The slope on transformed_run_ratio is the key number. The estimated exponent is the slope coefficient on transformed_run_ratio. It estimates how strongly the run ratio translates into winning percentage. A higher exponent would mean run differential has a stronger effect on expected winning percentage. A lower exponent means the model is a little softer and does not push teams as far toward the extremes. For this dataset, the regression gives a data-driven way to compare against the assumed exponents from the earlier questions.

Best Fit Exponent Regression

The positive relationship in the chart makes sense because as a team allows more runs relative to what it scores, its transformed wins value gets worse.

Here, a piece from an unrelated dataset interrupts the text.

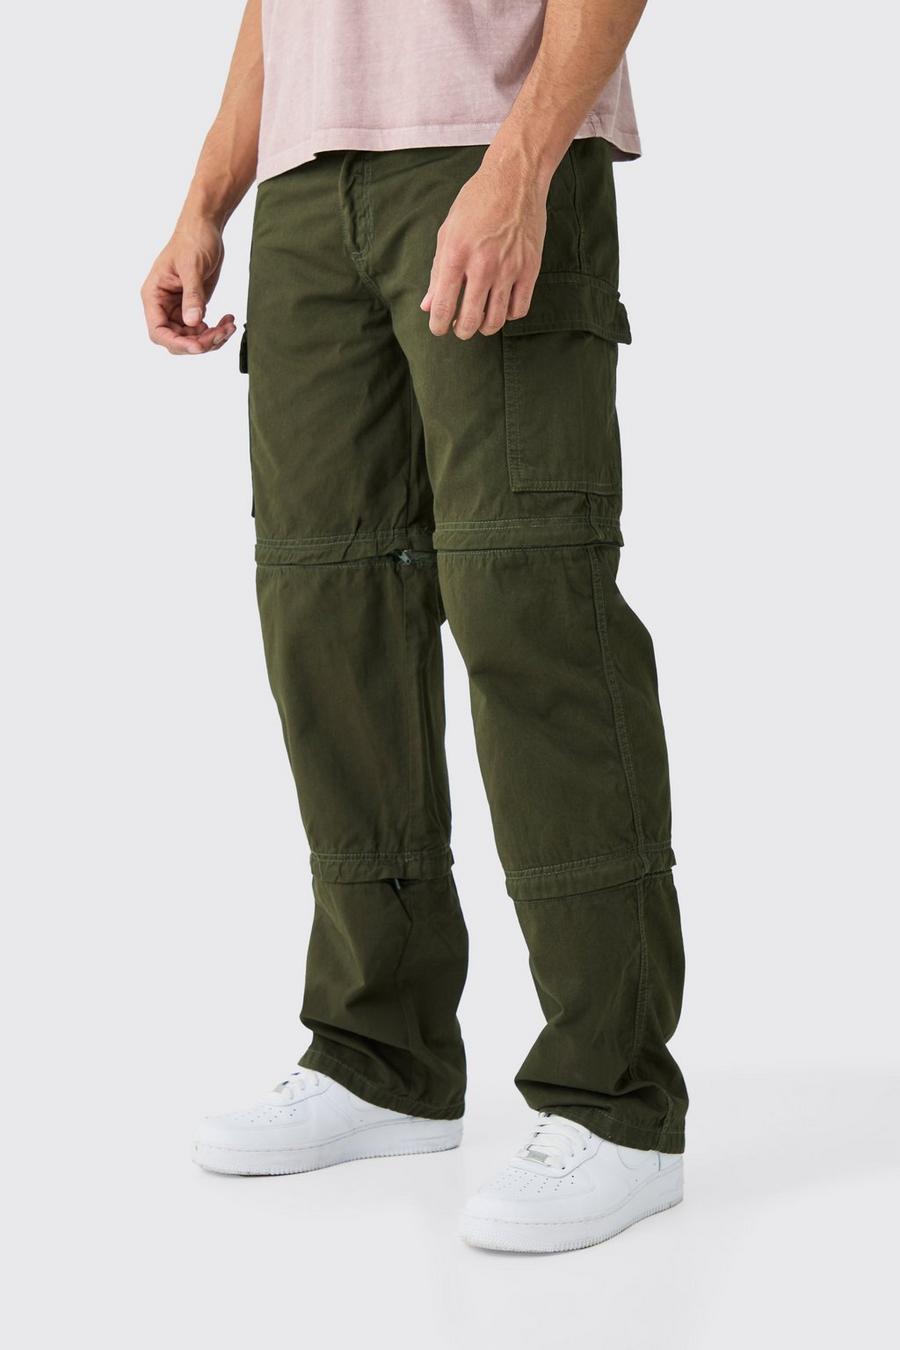 Pantaloni extra comodi con zip e pannelli in vita fissi, Khaki

The regression line turns that relationship into one estimated exponent.

Question 10: Reporting the Exponent and R-Squared

Estimated Exponent R-Squared
1.540 0.732

The estimated exponent is 1.540, and the R-squared is 0.732. The estimated exponent is lower than both 2 and 1.87, which means this particular dataset prefers a softer exponent than either of the two formulas tested earlier.

The R-squared means the transformed run ratio explains about 73.2% of the variation in transformed winning percentage. That is a fairly strong result for a relatively simple model. Runs scored and runs allowed explain a lot of team performance, which is why the Pythagorean expectation works as well as it does. At the same time, it still leaves room for the parts of baseball that do not fit perfectly into one basic formula.